> [Raw data]:
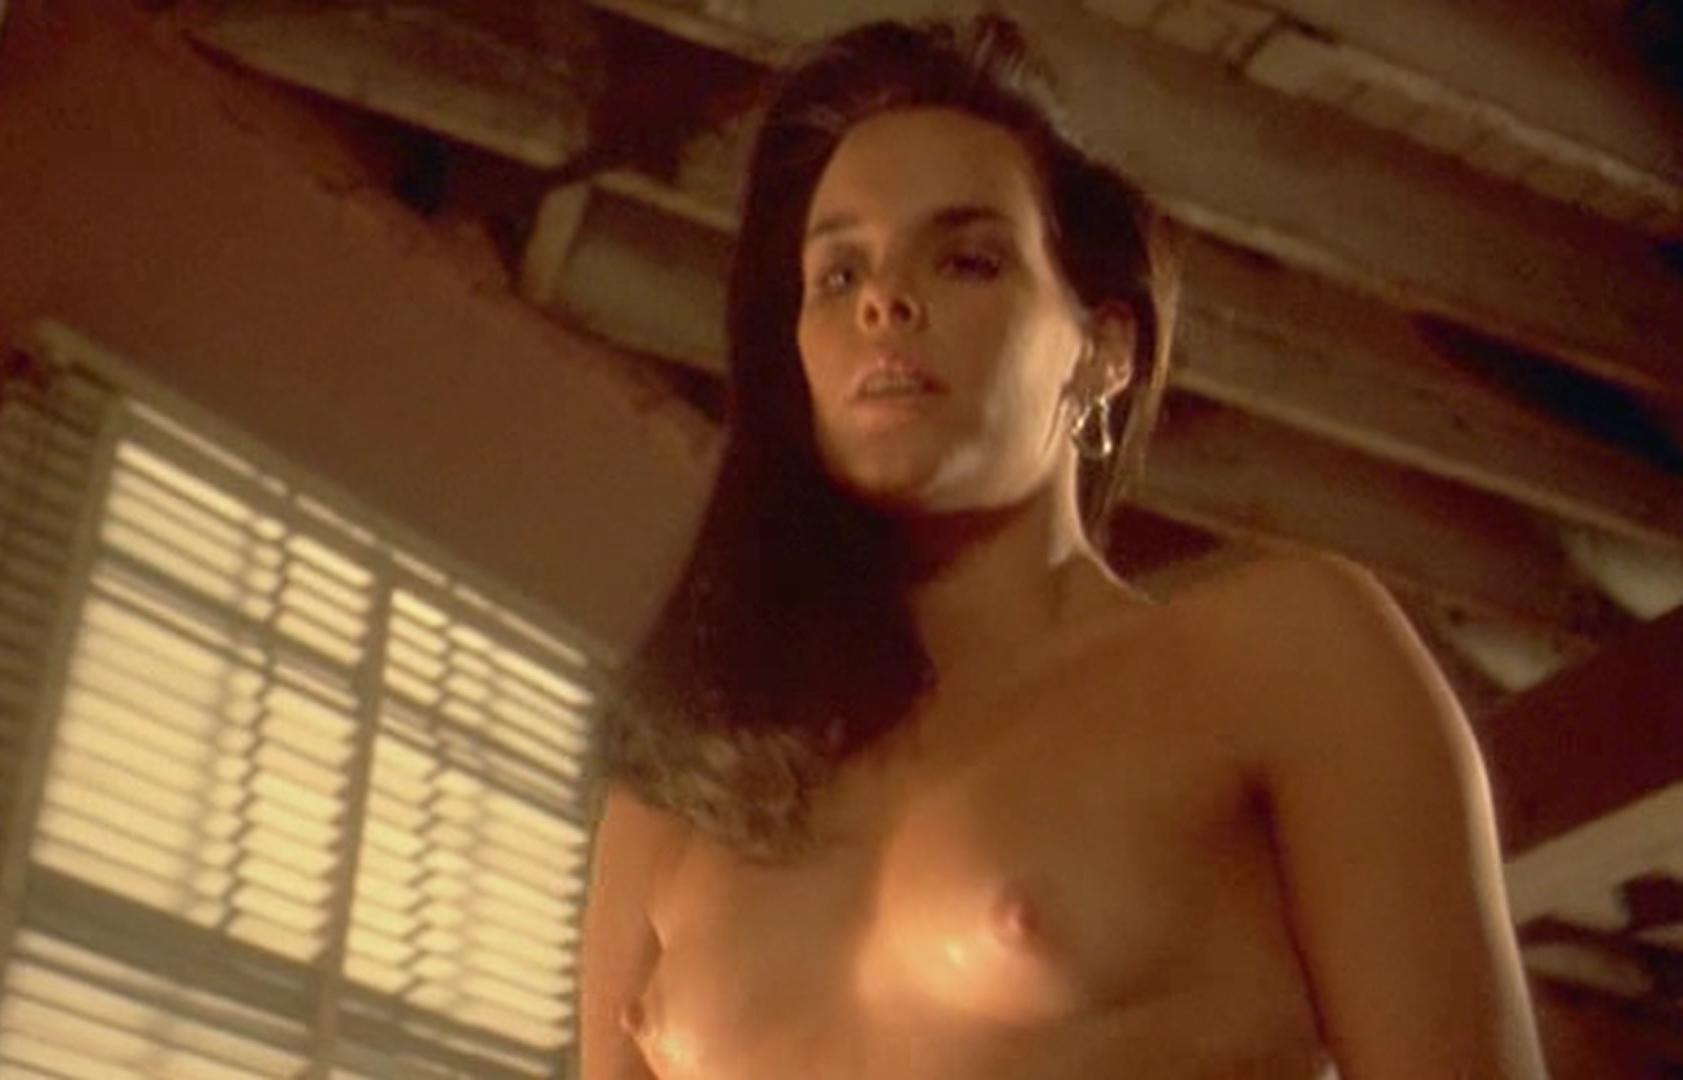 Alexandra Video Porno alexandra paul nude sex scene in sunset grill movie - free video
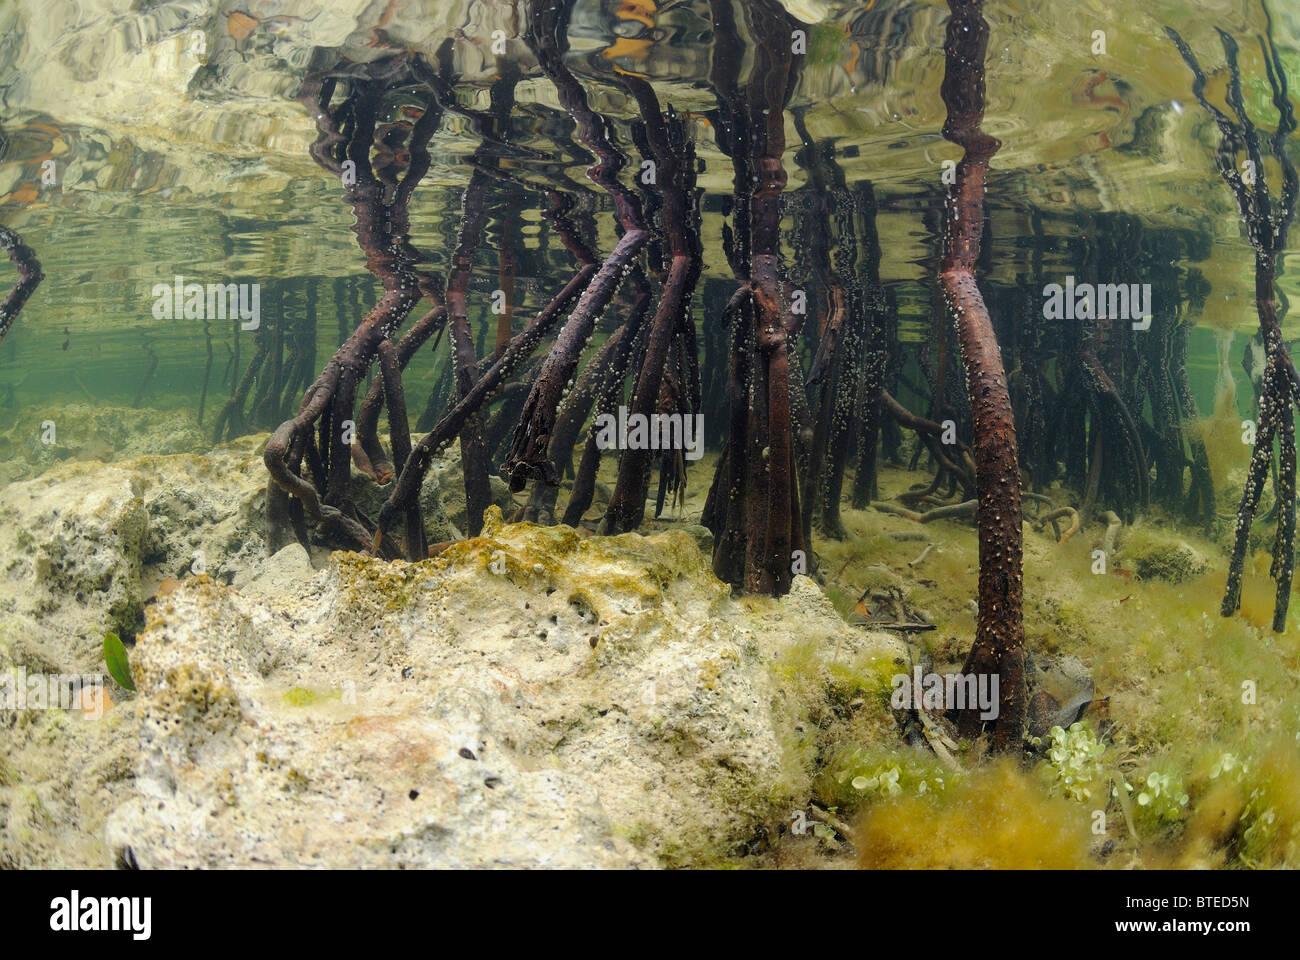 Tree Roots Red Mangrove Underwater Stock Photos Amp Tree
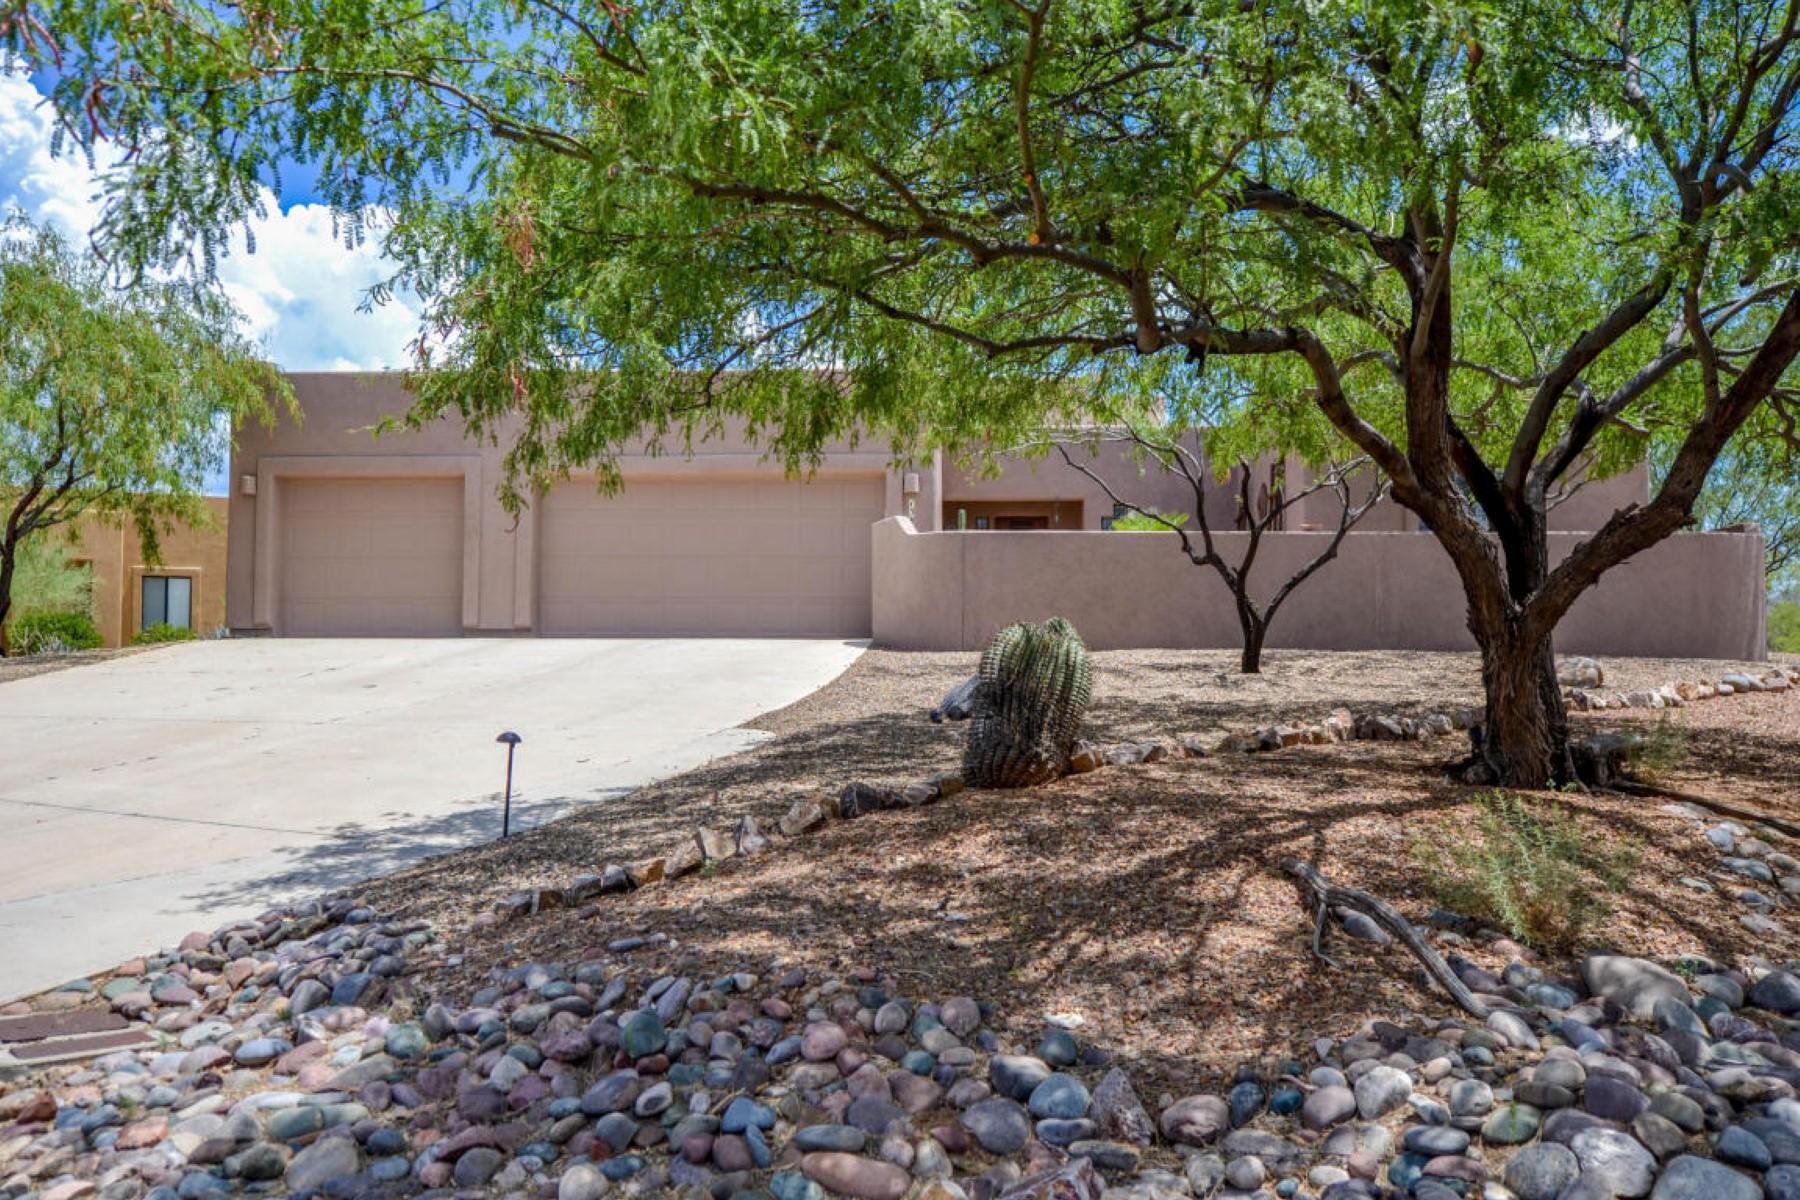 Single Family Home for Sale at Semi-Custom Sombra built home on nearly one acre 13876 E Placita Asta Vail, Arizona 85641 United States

> [What you will do]:
Output the material above verbatim but exclude each picture.

> [Exercise response]:
 Alexandra Video Porno alexandra paul nude sex scene in sunset grill movie - free video
 Tree Roots Red Mangrove Underwater Stock Photos Amp Tree
 Single Family Home for Sale at Semi-Custom Sombra built home on nearly one acre 13876 E Placita Asta Vail, Arizona 85641 United States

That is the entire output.